The Indian Health Service, with a range of stakeholders, developed an emergency care delivery assessment tool for facilities in austere environments, designed to identify deficiencies in facility readiness for emergency care delivery across four areas:
1. Procedural 2. Human resources 3. Non-pharmacologic material resources 4. Pharmacologic material resources
Methods
The tool's underlying architecture is a resource matrix similar to hospital-based tools, using the “Facility” component of the WHO Emergency Care Systems Framework as the Y-axis and undifferentiated presentations taught by the WHO basic emergency care course, advanced trauma life support, and advanced life support in obstetrics as the X-axis. The tool was piloted at a remote frontier clinic.
Results
We found 48 deficiencies: 7 procedural, 1 human resources, 31 non-pharmacologic materials, and 9 pharmacologic materials. We aggregated deficiencies by facility function to assess the capacity to perform each. We also aggregated deficiencies by clinical presentation to identify targets for educational interventions.
Conclusion
We successfully created a novel emergency care capacity assessment tool for use in austere environments using materials with broad international consensus. The successful pilot found deficiencies across all 4 areas. This tool may be useful in many other remote domestic facilities and rural health posts in low- and middle-income countries.
Keywords
Introduction
Background
The Indian Health Service's (IHS) mission is to “raise the physical, mental, social and spiritual health of American Indians and Alaska Natives to the highest level.” IHS derives its mandate from article I, section 8, of the constitution, which was used to establish an intergovernmental relationship between the United States and Tribes. Included in this relationship is the provision of health services through the Snyder Act, which formally created IHS in 1921. 1 Many American Indians live in extremely remote and resource-poor settings. It has been estimated that in some regions, 60% of AI/AN households lack access to the internet, and 40% lack access to running water. 2 Healthcare must be delivered to these beneficiaries despite the significant challenges imposed by their geographic isolation. This is accomplished via a network of facilities, including health stations, clinics, health centers, critical access hospitals, and hospitals.
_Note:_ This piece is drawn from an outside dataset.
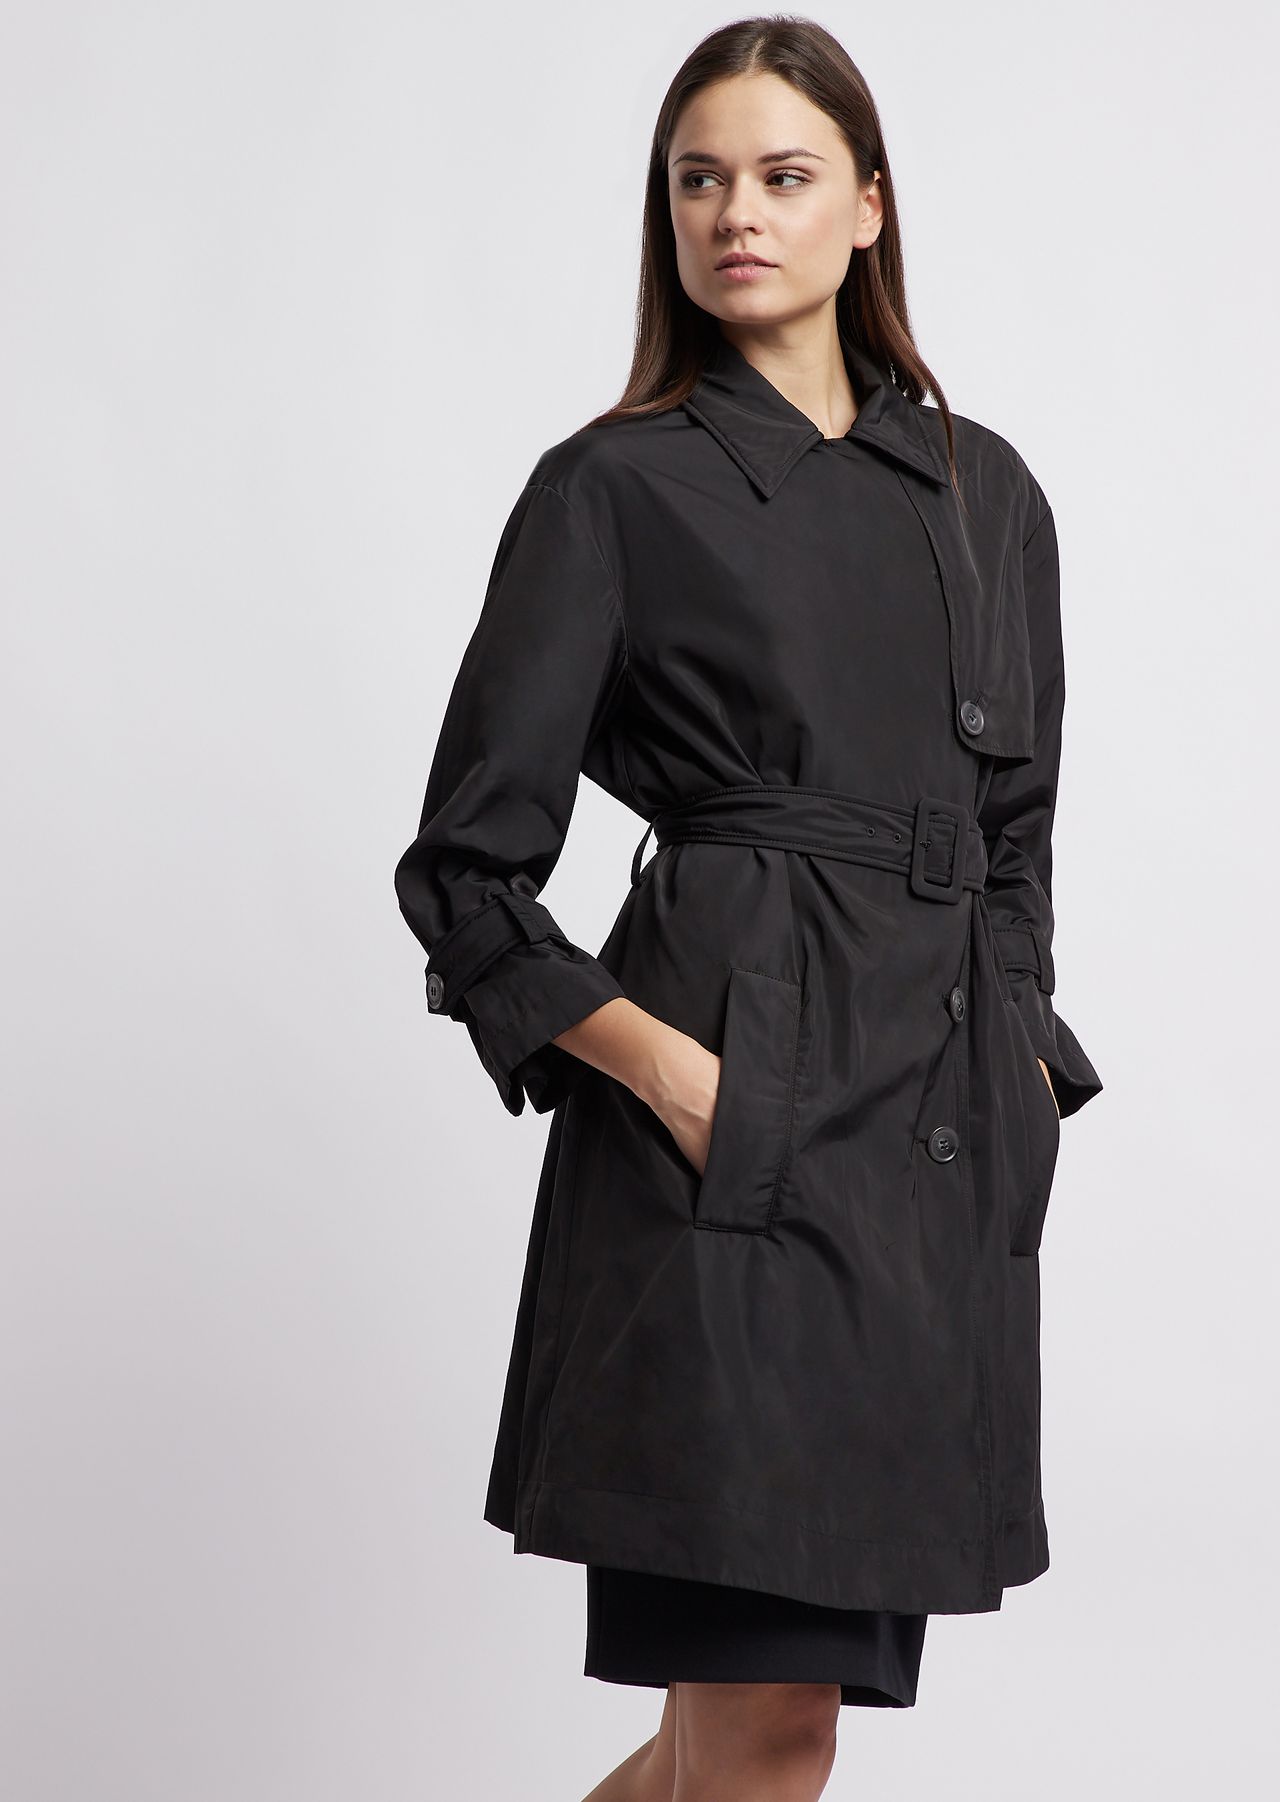 Double poly taffetà trench coat with belt | Woman | Emporio Armani

Many of these healthcare facilities located in austere environments consider “emergency care” beyond their scope of service. However, due to the isolated geographic location of these facilities, patients with high-acuity illnesses or injuries often initially present to these sites for care absent other alternatives. Facilities must stabilize and transfer such patients to higher levels of care as quickly and efficiently as possible, and they must also have the ability to provide the initial medical management of critically ill or injured patients. The disconnect between the intent of health systems planners and the reality faced by providers in austere environments manifests as facilities lacking the appropriate human and material resources needed to manage such cases.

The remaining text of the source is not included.